Перепуганная насмерть тётя Нюша, услышав последние слова несостоявшегося спутника жизни Агаты и громкий стук захлопнувшейся двери, робко вошла в комнату и окаменела от ужаса. Всё в спаленке было разбросано, а Агата, избитая и окровавленная, лежала на самом краю кровати, не в силах шевельнутся. В глазах её стояла такая боль, что сердце женщины сжалось.

– За что, тётя, – прошептали избитые губы, – за что?

– Не надо, детка, не разговаривай, – решительно заявила тётя Нюша, взяв себя в руки. – Сейчас я немного приведу тебя в порядок, поговорим потом. И надо этого гада ползучего прищучить, как следует. Завтра же в милицию схожу, заявление подам.

Агата только покачала головой и потеряла сознание. Когда она очнулась, всё было прибрано, никаких следов недавнего побоища не было видно, только сама она представляла из себя одну большую рану, как ей казалось. Едва обретя голос, она потребовала от тётки никуда не ходить и никаких заявлений не подавать. А когда немного оклемалась, попросила у неё объяснений, может, хоть она сможет понять, что собственно произошло. Тётка объяснила. И лучше бы ей этого не делать, потому что стало совсем скверно. Правда оказалась куда страшней, чем Агата могла себе представить.

Случилось так, что её мать, женщина, чрезвычайно любящая телесные удовольствия, нагуляла дочь вне брака. И, родив её, ничуть не изменила своего образа жизни. Только-только оклемавшись от родов и восстановив женскую силу, она вновь принялась искать новых любовников. Находила их везде и справлялась с этим всегда легко. Были среди её поклонников, так сказать, мужчины, встречающиеся с ней время от времени в разных местах, а были и такие, что приходили к ней жить. Один из таких, здоровенный лоб, лишённый начисто всяких моральных принципов, надрался как-то вместе с ней до чёртиков, как говорится, и на глазах у матери грубо изнасиловал трёхлетнего ребёнка. Мать пришла в себя только утром, протрезвев. Сразу же кинулась с дочерью в больницу, наплела там Бог весть что, отчего вся милиция сбилась с ног в поисках описанного ею преступника, но любовника не прогнала.

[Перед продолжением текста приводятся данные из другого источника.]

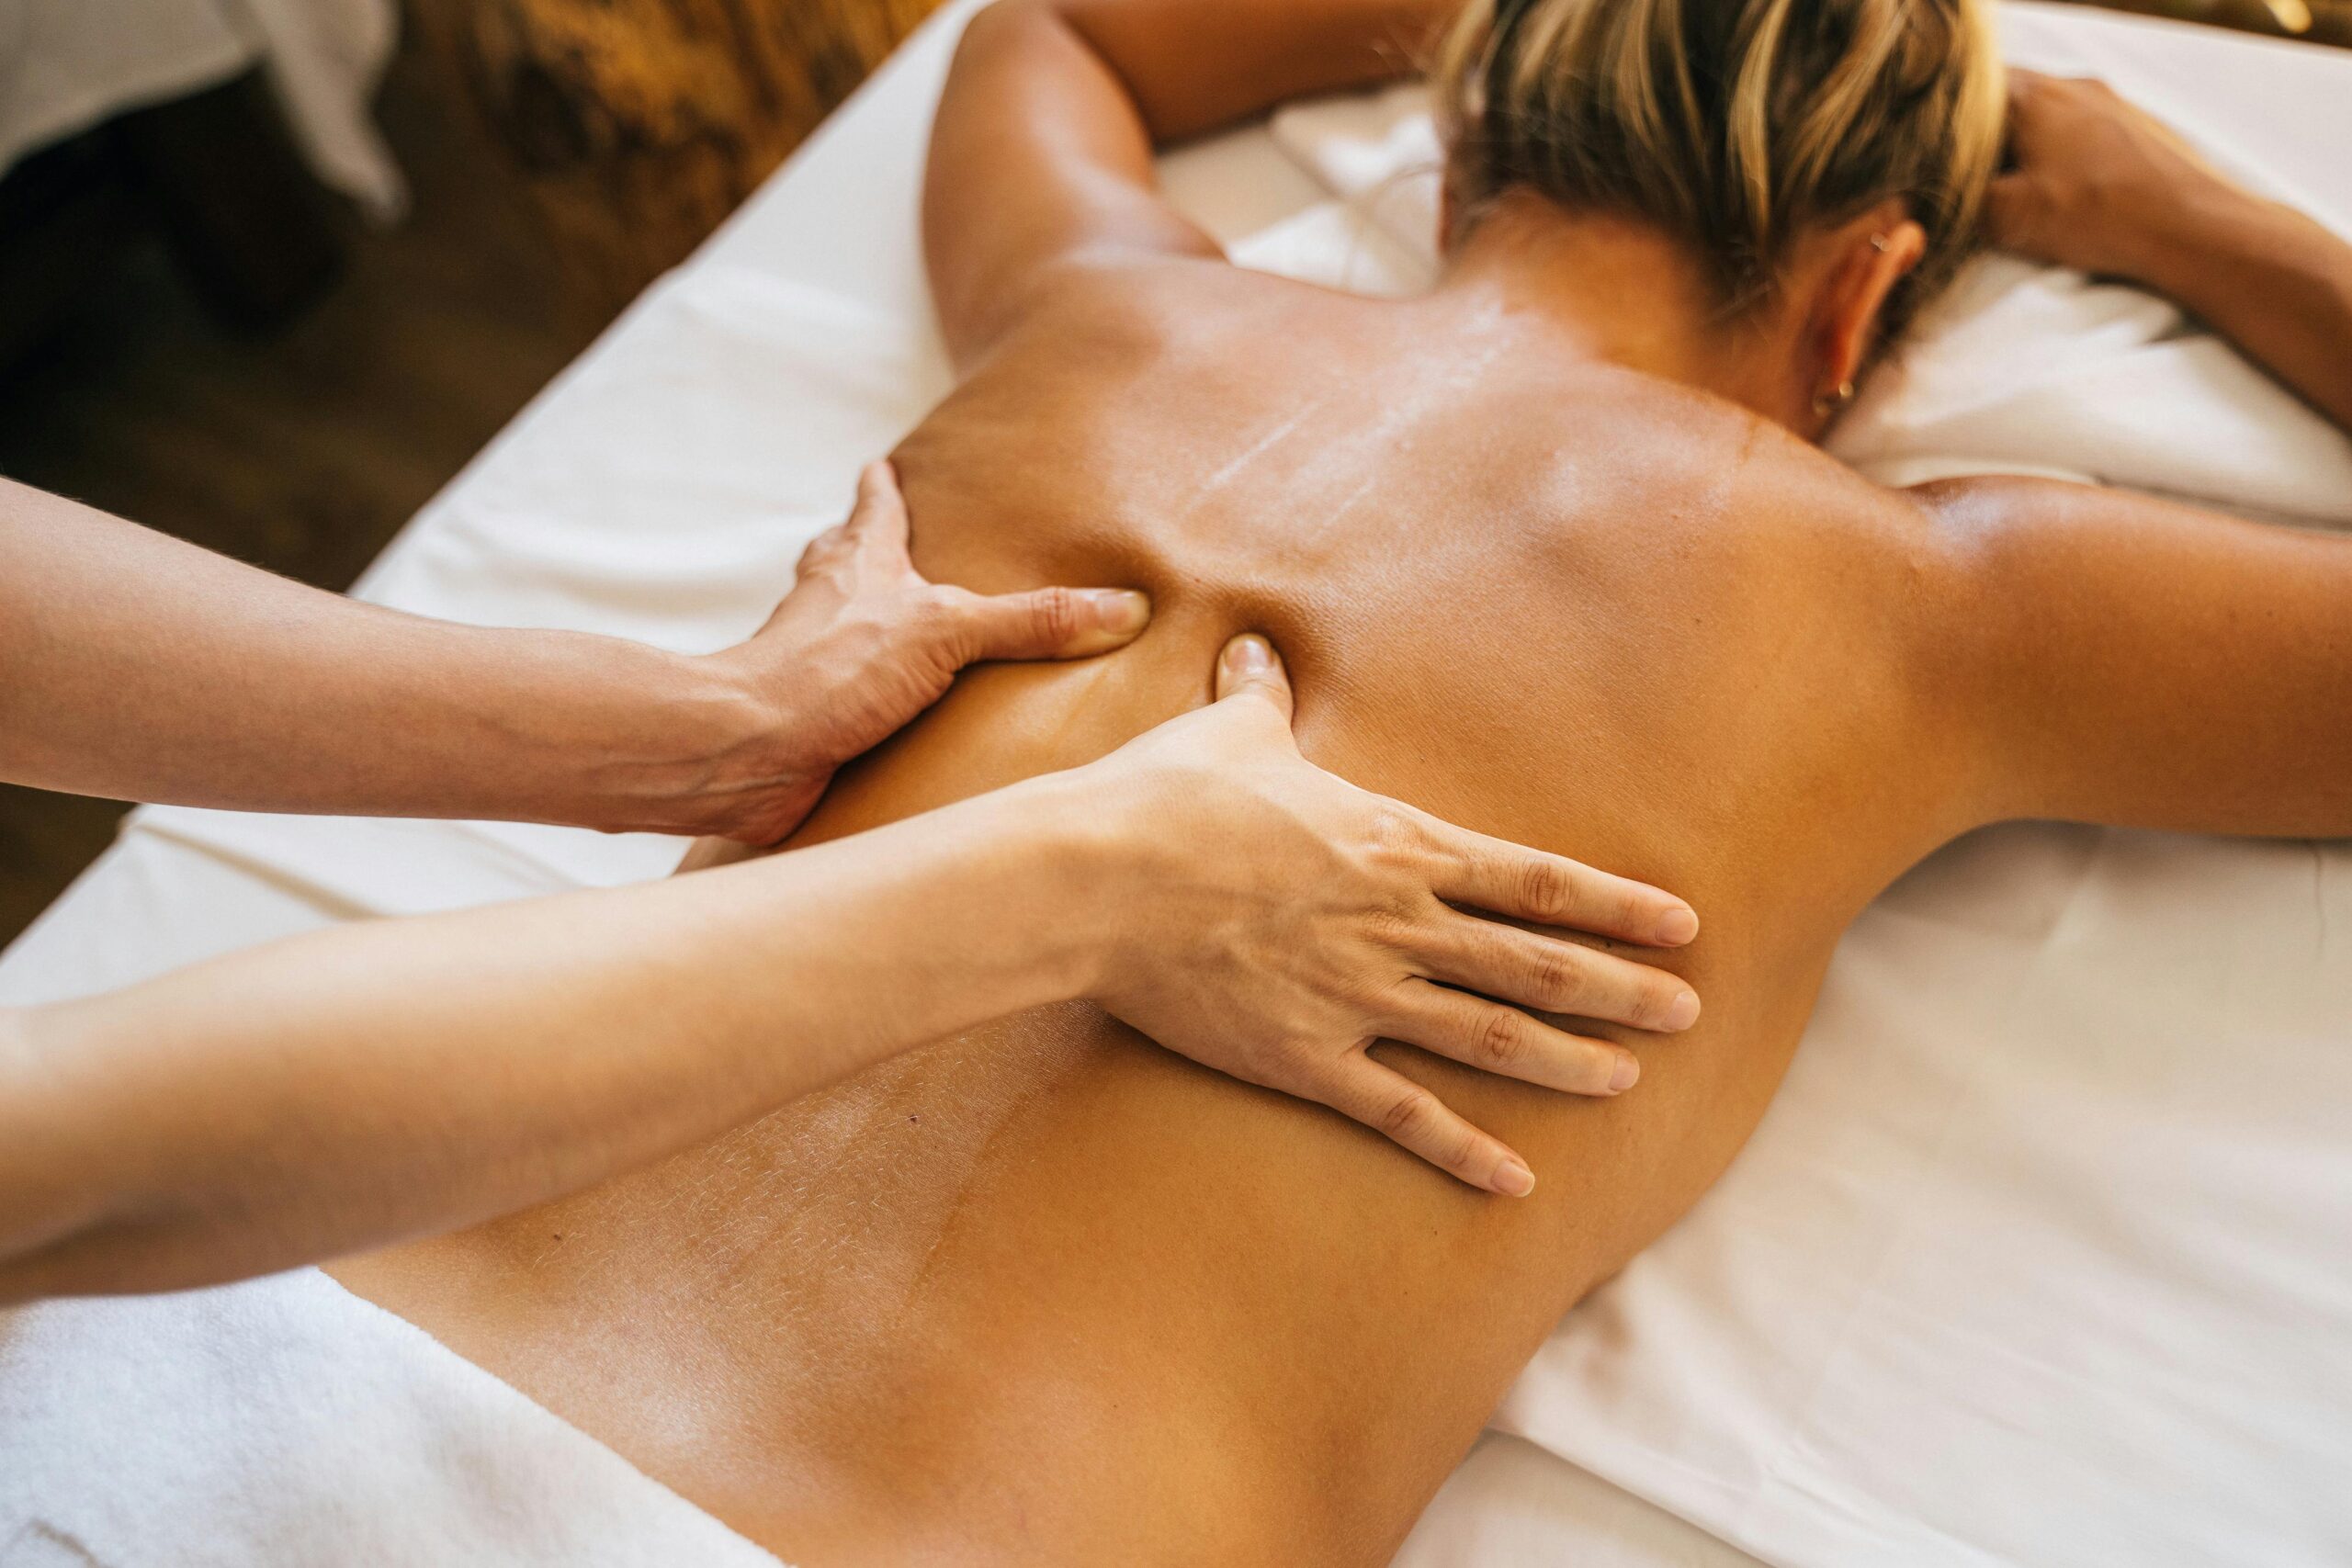 Massage thérapeutique du dos pratiqué par un professionnel sur une cliente dans un environnement relaxant

Он, понимаете ли, умел удовлетворить её, как никто другой, поскольку размеры имел весьма внушительные, и сил ему было не занимать. То, что потом, выписанная из больницы Агата впадала в истерику от одного его вида, мать не волновало. Покричит и перестанет, а такого жеребца днём с огнём больше не найдёшь. Дело кончилось тем, что он сам покинул надоевший ему дом. Видно даже у этого, глубоко порочного человека проклюнулись в душе какие-то росточки совести, и ему не хотелось постоянно видеть перед глазами искалеченного им ребёнка. Мать же об этой утрате горько сожалела.

Потом страшные воспоминания постепенно стёрлись из памяти девочки, да и у матери был к тому же неудачный, с её точки зрения, период в жизни. Не находились мужчины, которые хотели бы поддерживать с ней длительные отношения, и всё тут. А когда ситуация немного изменилась к лучшему, Агата уже подросла, и родительница решила, что слишком опасно иметь в доме и любовника, и подрастающую дочь, потенциальную конкурентку собственной матери. И она перенесла свои любовные подвиги на чужую территорию.

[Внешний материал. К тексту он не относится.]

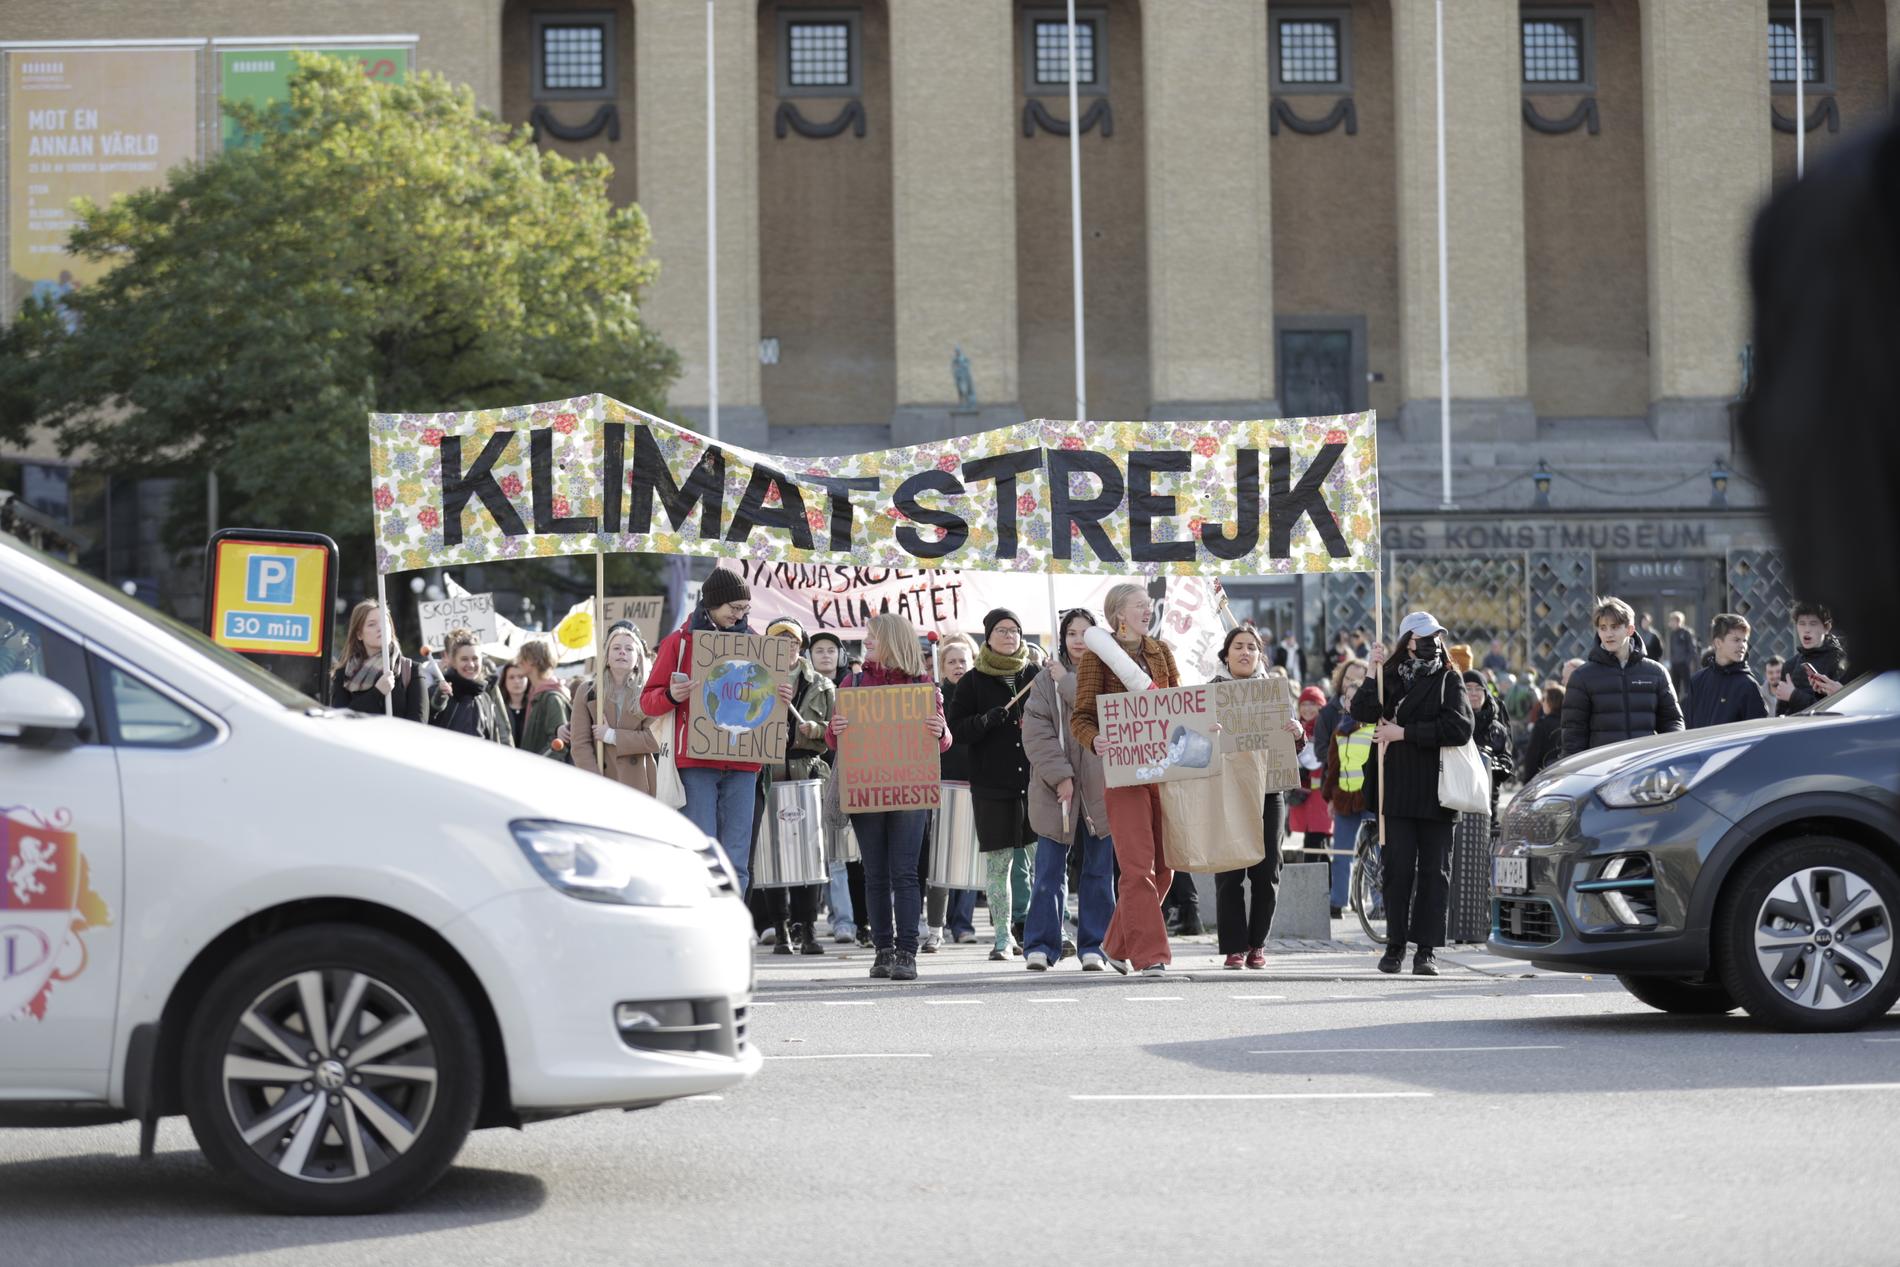 Klimatstrejk på Götaplatsen i Göteborg.

Агата никогда не догадывалась даже о том, что произошло с ней в раннем детстве. Врачи тогда хорошо поработали с ней, и добросовестно потрудилась женщина-психолог, сумевшая затушевать в памяти ребёнка страшные события. Только когда Олег попытался овладеть ею, Агата инстинктивно оказала сопротивление и сбежала, оставив парня в самом плачевном виде. И так же подсознательно боялась интимных отношений с мужчиной, которого полюбила, и который стал её мужем.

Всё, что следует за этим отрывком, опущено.